APPLYING DECISION SCIENCE IN THE DRUG REVIEW PROCESS
Several presenters discussed the merit of using judgment and decision science to address uncertainty in the drug review process. Its methods, they stated, serve to make uncertainty tractable, providing a practical
context for considering the value of evidence and revealing important new uncertainties that might otherwise have been overlooked.
Eliciting Expert Judgment1
A technique called expert elicitation uses a one-on-one interview process to seek expert input about topics where there are insufficient data or where data are unattainable. According to M. Granger Morgan, Professor and Head of the Department of Engineering and Public Policy, Carnegie Mellon University, the elicitation process draws out carefully reasoned, individual judgments, then summarizes the results of several interviews to provide an indication of the range of expert views and associated uncertainty, usually in the form of subjective probability distributions.
A key benefit offered by expert elicitation is that informal evidence that contributes to the expert’s judgment can be incorporated together with formal evidence, said Morgan. Expert elicitation can be applied to uncertainty not only about a quantity or mathematical probability, but also about a process or a model function. For example, as suggested by one workshop participant, an expert elicitation in the drug review process might quantify expert judgment about the relative likelihood that alternative models of pharmacokinetic or pharmacodynamic processes correctly describe a given biological process.
Morgan provided three cautions with respect to the application of expert elicitation: (1) only those with relevant expertise should be interviewed, in order to ensure that judgments obtained are well informed; (2) words that are used to describe uncertainty, such as “likely” and “unlikely,” should be quantified, because they often mean different things to different people, or even to the same people in different situations; and (3) cognitive biases inherent to human judgment can affect experts’ responses.
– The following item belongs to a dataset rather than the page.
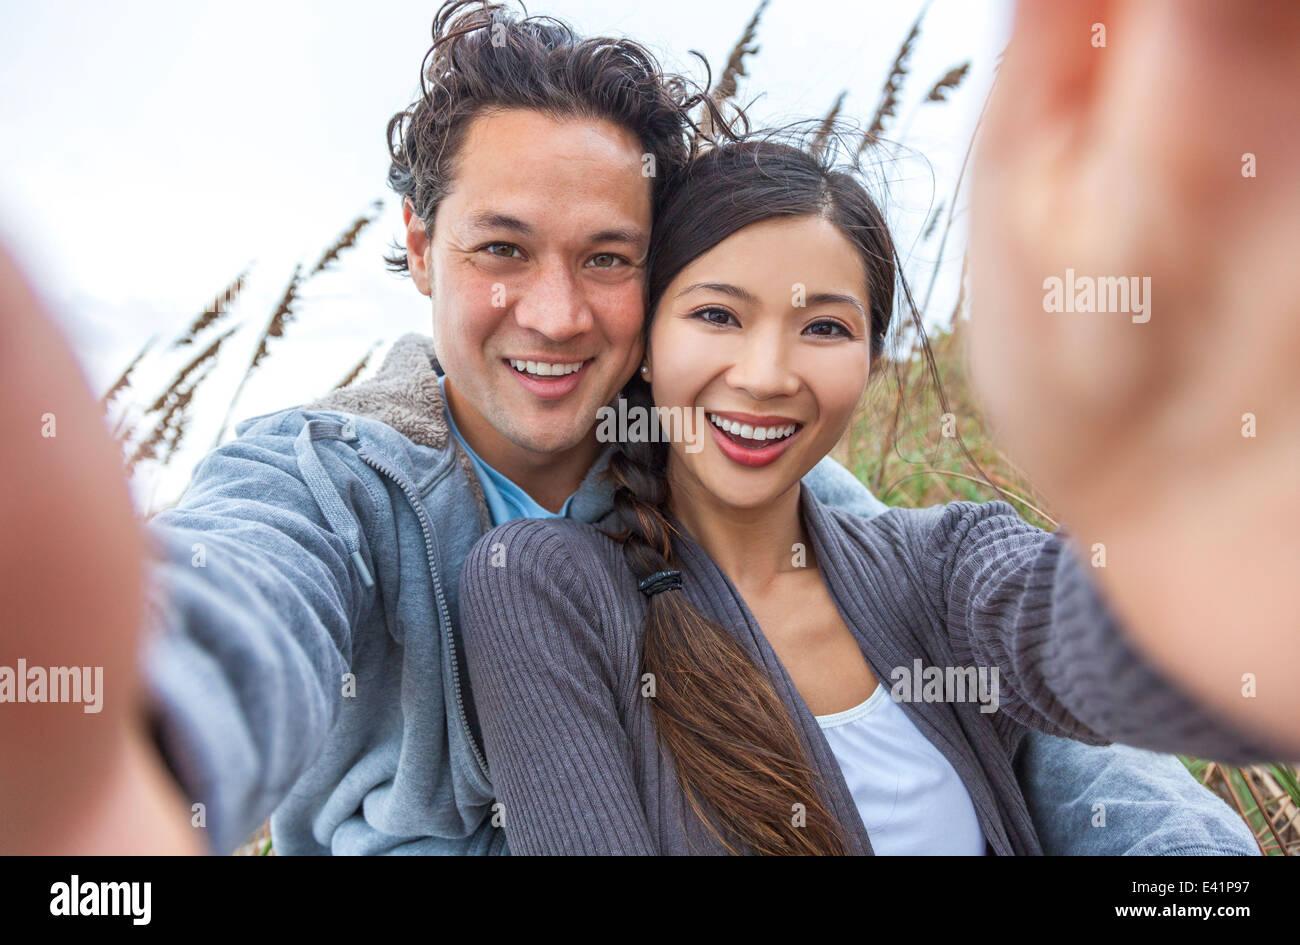 Man & woman Asian couple, boyfriend girlfriend in bikini, taking vacation selfie photograph at the beach - Stock Image
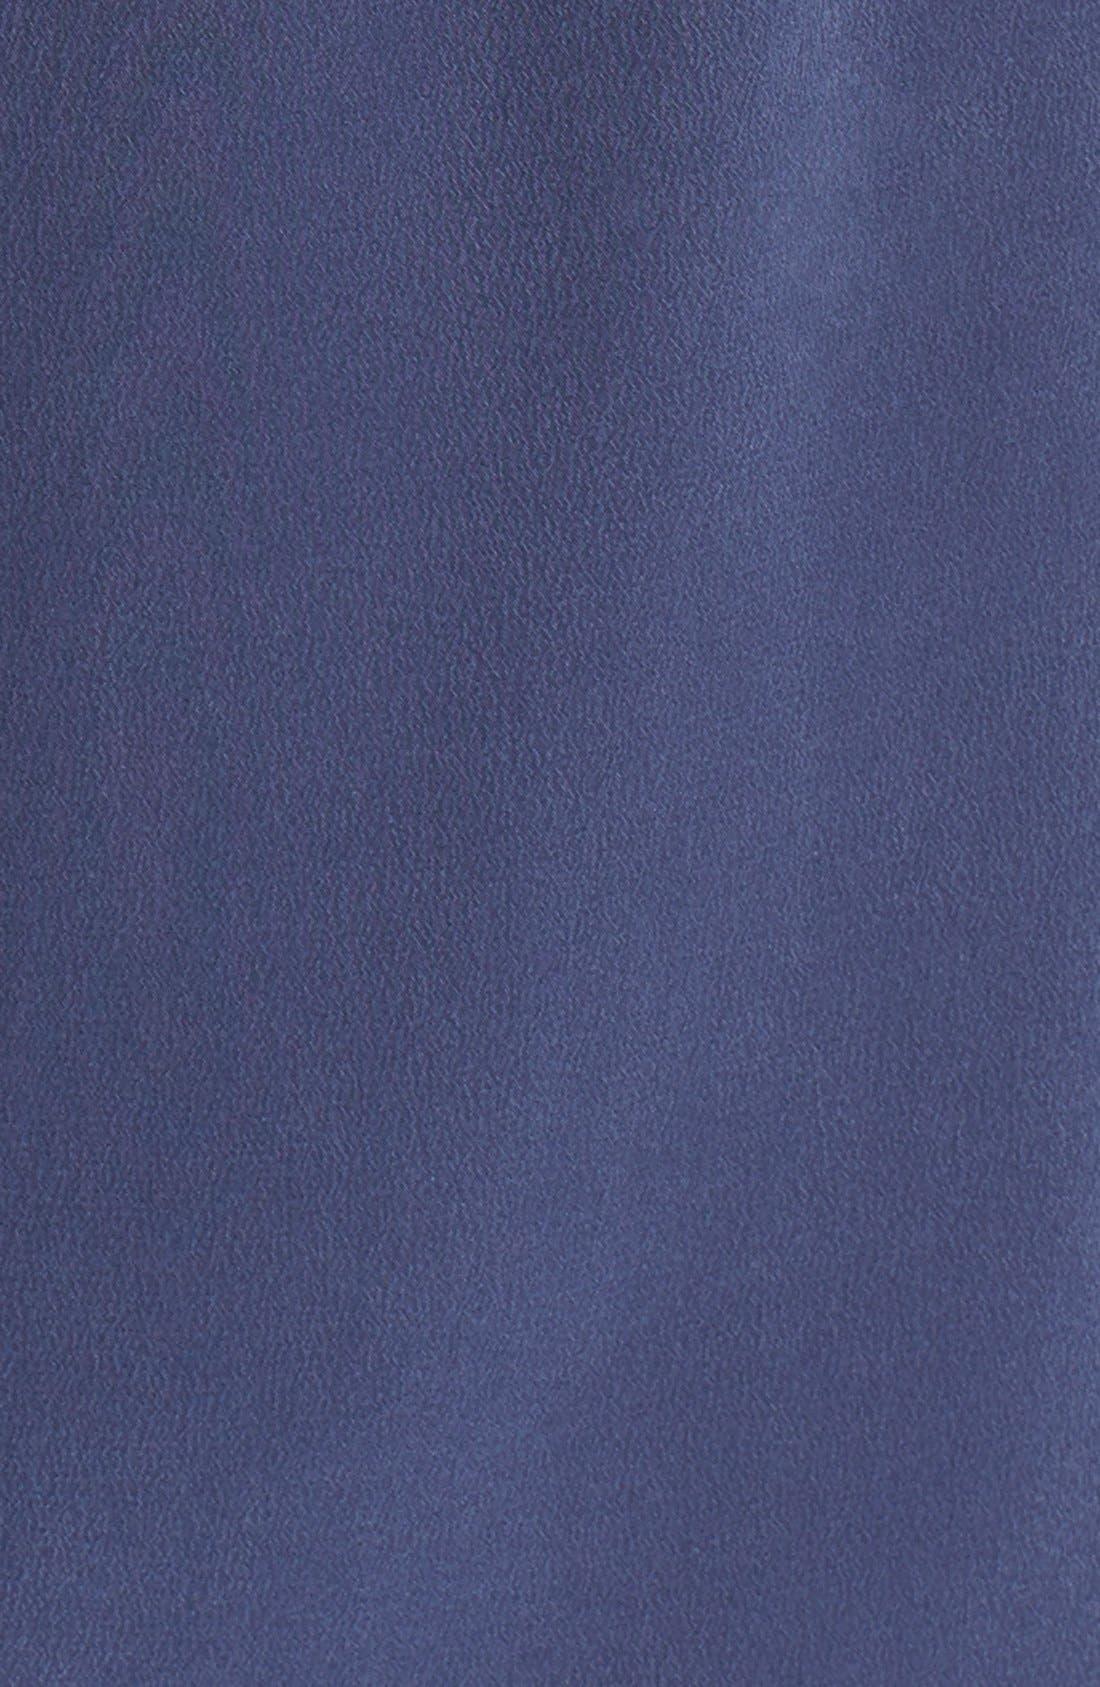 Alternate Image 3  - Equipment 'Signature' Silk Shirtdress

Morgan described two of the most frequently occurring biases, “availability” and “anchoring and adjustment.”
Availability
Morgan noted that people tend to estimate the frequency of an event by how quickly or easily they can recall or imagine similar instances or occurrences. The “availability” of such a memory can be influenced by how much time has passed, or whether the event was unusual for some reason and, in turn, can influence judgment. In order to safeguard against availability bias, interviewers provide participants with documents and
__________________
1 This subsection is based on the presentation by M. Granger Morgan, Professor and Head of the Department of Engineering and Public Policy, Carnegie Mellon University.
visual aids to ensure that they have the full complement of information in mind when answering questions.
Anchoring and Adjustment
If people start with a first value (“anchor”) and then adjust up and down from that value, they typically do not adjust sufficiently. It is best not to begin an elicitation with a question about what is the “best” or “most probable” value, but rather to begin work by establishing outer ranges and then move in toward estimates of best value, said Morgan.
Bayesian Approaches2
Joel Greenhouse, Professor of Statistics, Carnegie Mellon University, described how Bayesian approaches can permit the introduction of judgments about plausible values within a given study to be taken into account in forming conclusions about the treatment effect being studied. By incorporating consideration of how an RCT changes our opinion about a treatment effect, Bayesian statistical approaches could help the scientific and regulatory communities come to agreement about the treatment effect seen in a clinical trial, noted Greenhouse.
To set the stage and provide a common terminology, Greenhouse explained that conventional statistical analysis calculates a single probability value (p-value) for its hypothesis in a clinical trial—either that one treatment represents a gain over another, or that it has no effect at all. Before an RCT begins, the Bayesian approach instead calculates a probability distribution of the plausible values of the treatment effect. This probability distribution excludes evidence from the current RCT and forms the “prior distribution.” Then, based on emerging information from the current RCT, a plausible value of the treatment effect is generated, or “likelihood.” Applying Bayes rule and Bayesian methodology, the prior distribution is combined with the likelihood to determine the “posterior distribution” that is ultimately a combination of historical assessments of a treatment effect and current opinion about the treatment effect in the active RCT.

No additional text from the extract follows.